You are viewing a plain text version of this content. The canonical link for it is here.
Posted to commits@trafficserver.apache.org by jp...@apache.org on 2012/03/28 05:33:11 UTC
[2/5] git commit: TS-1135: index wildcard certificates for
ServerNameIndication
TS-1135: index wildcard certificates for ServerNameIndication
Add a SSLContextStorage support class. This objects owns all the
SSL contexts and indexes them by both name and (stringified) address.
Both the CN from the certificate subject name and the DNS
subjectAlternativeNames are indexed.
If we find a wildcard name, we use the trie for indexing so that
we get longest match semantics.
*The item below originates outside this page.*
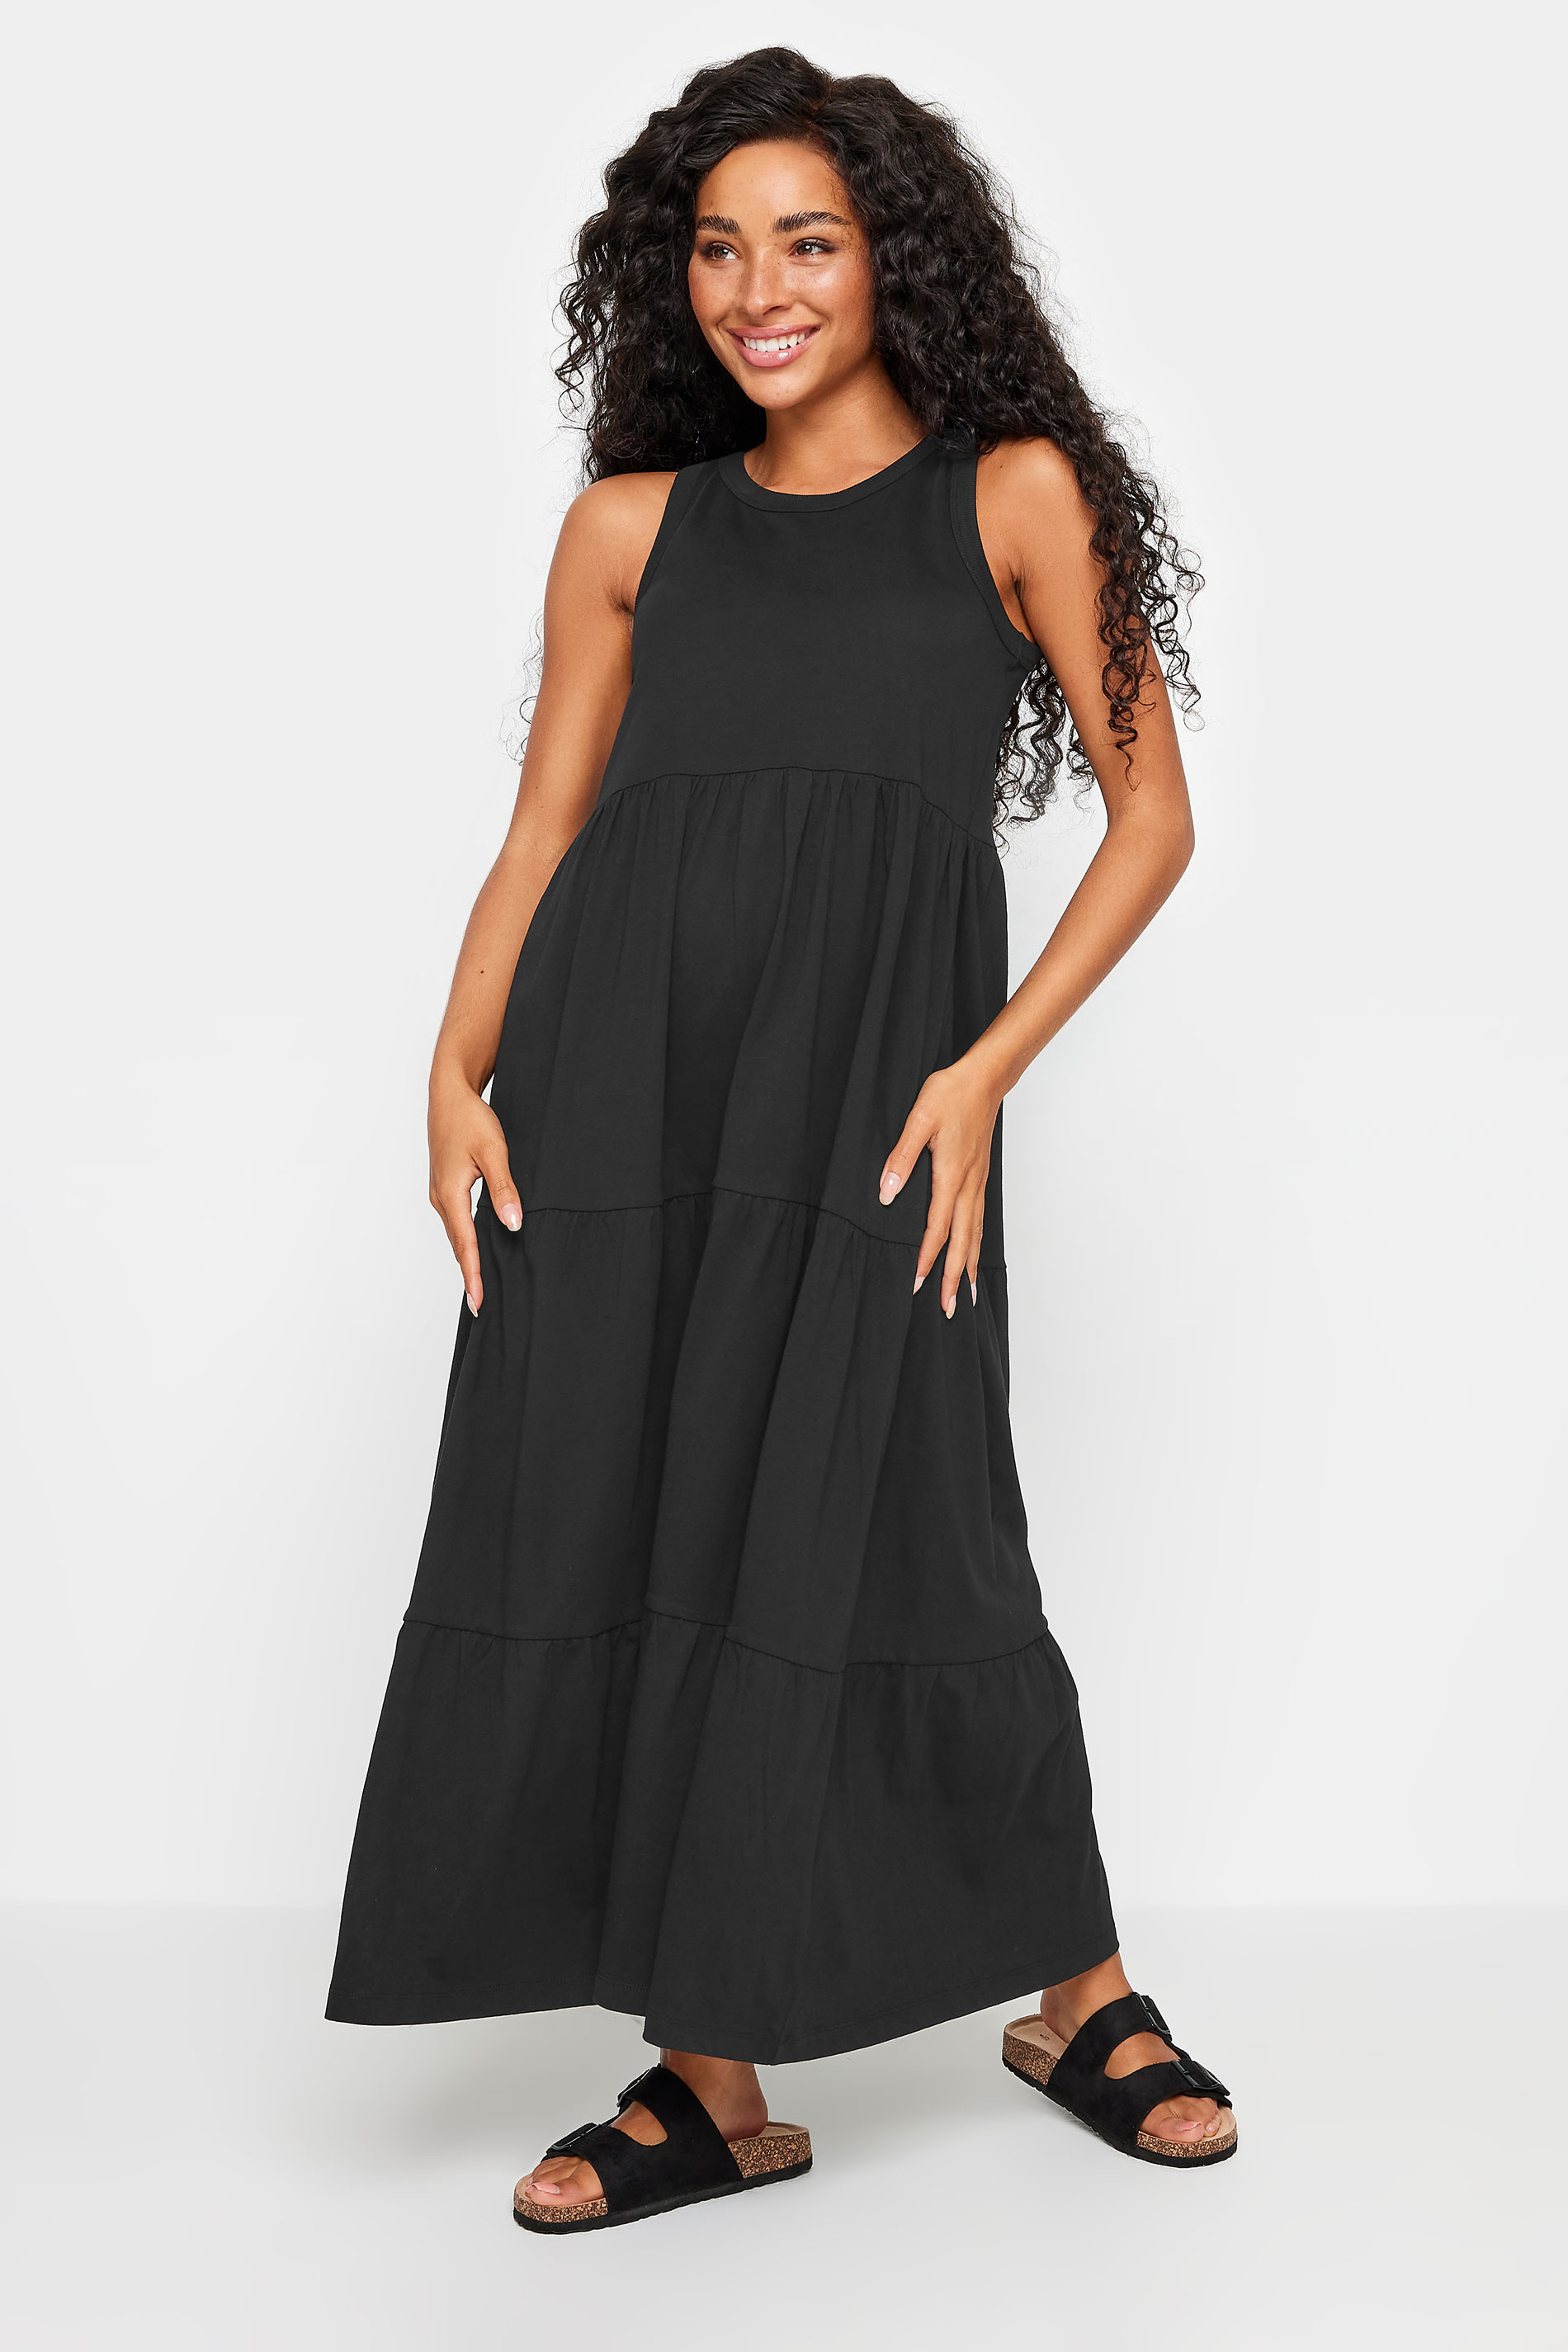 M&Co Petite Black Sleeveless Tiered Maxi Dress | M&Co 2

We only support wildcards of the
form '*.foo.org' because that's the only useful form, and the code
for supporting the general case would be a bit hairy.
Project: http://git-wip-us.apache.org/repos/asf/trafficserver/repo
Commit: http://git-wip-us.apache.org/repos/asf/trafficserver/commit/0dcad6ea
Tree: http://git-wip-us.apache.org/repos/asf/trafficserver/tree/0dcad6ea
Diff: http://git-wip-us.apache.org/repos/asf/trafficserver/diff/0dcad6ea
Branch: refs/heads/master
Commit: 0dcad6eaf692e6acee68685c08788bc42e8e15b3
Parents: 313c224
Author: James Peach <jp...@apache.org>
Authored: Thu Mar 22 21:19:37 2012 -0700
Committer: James Peach <jp...@apache.org>
Committed: Tue Mar 27 20:32:26 2012 -0700
----------------------------------------------------------------------
CHANGES | 2 +
iocore/net/P_SSLCertLookup.h | 7 +-
iocore/net/SSLCertLookup.cc | 246 ++++++++++++++++++++++++++++++----
iocore/net/SSLNetVConnection.cc | 2 +-
4 files changed, 225 insertions(+), 32 deletions(-)
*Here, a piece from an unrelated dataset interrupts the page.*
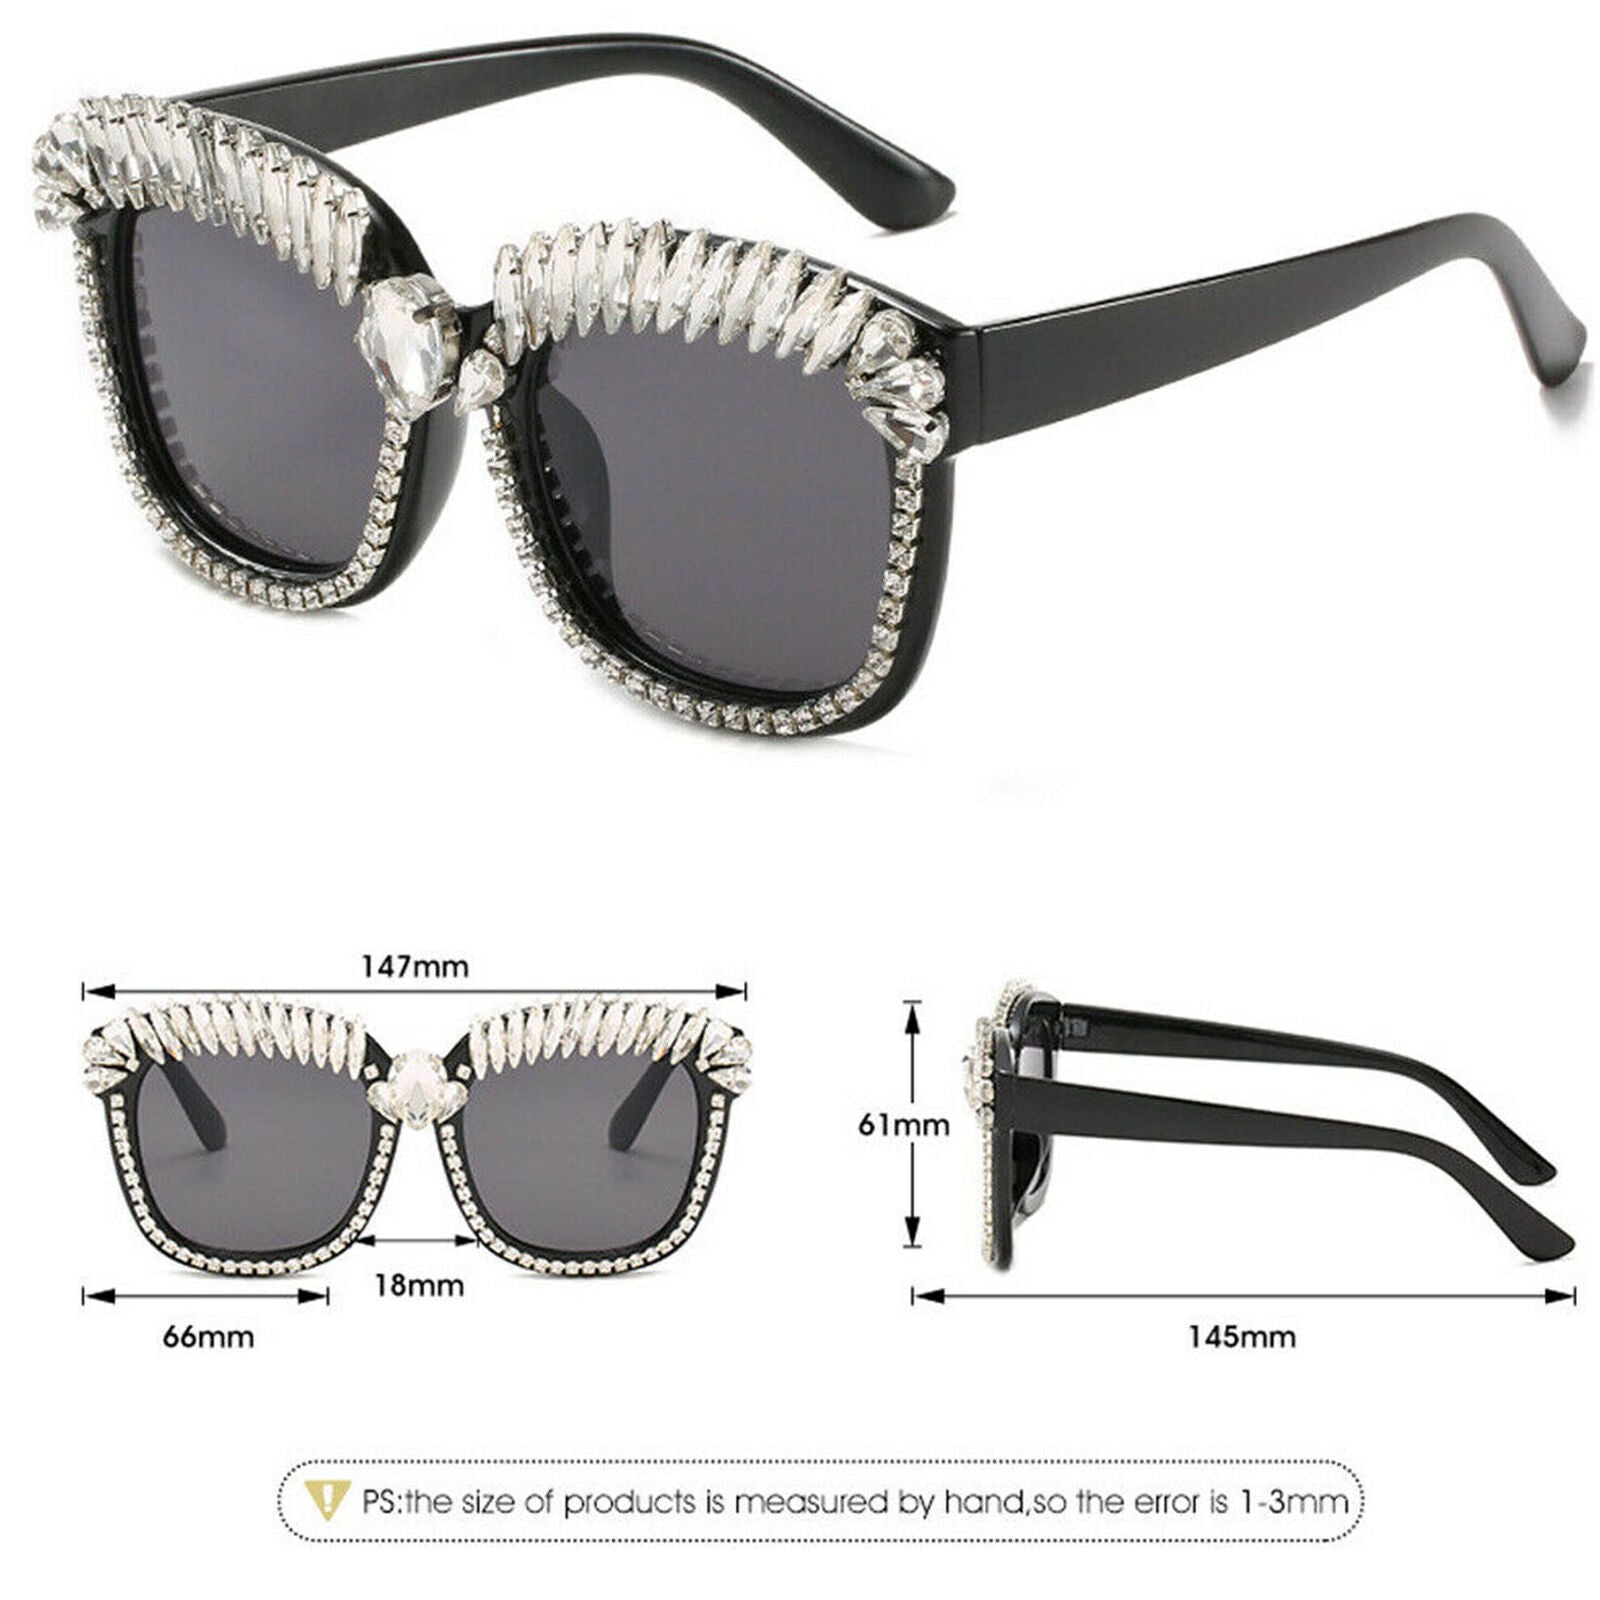 Hand-made Luxury Rhinestone Sunglasses Women Fashion Shades Party Eyewear UV400

----------------------------------------------------------------------
http://git-wip-us.apache.org/repos/asf/trafficserver/blob/0dcad6ea/CHANGES
----------------------------------------------------------------------
diff --git a/CHANGES b/CHANGES
index 0ff37ea..0611a24 100644
--- a/CHANGES
+++ b/CHANGES
@@ -1,5 +1,7 @@
-*- coding: utf-8 -*-
Changes with Apache Traffic Server 3.1.4
+ *) [TS-1135] support wildcard certificates for ServerNameIndication (SNI)
+
*) [TS-1140] Combine IP Allow and QuickFilter.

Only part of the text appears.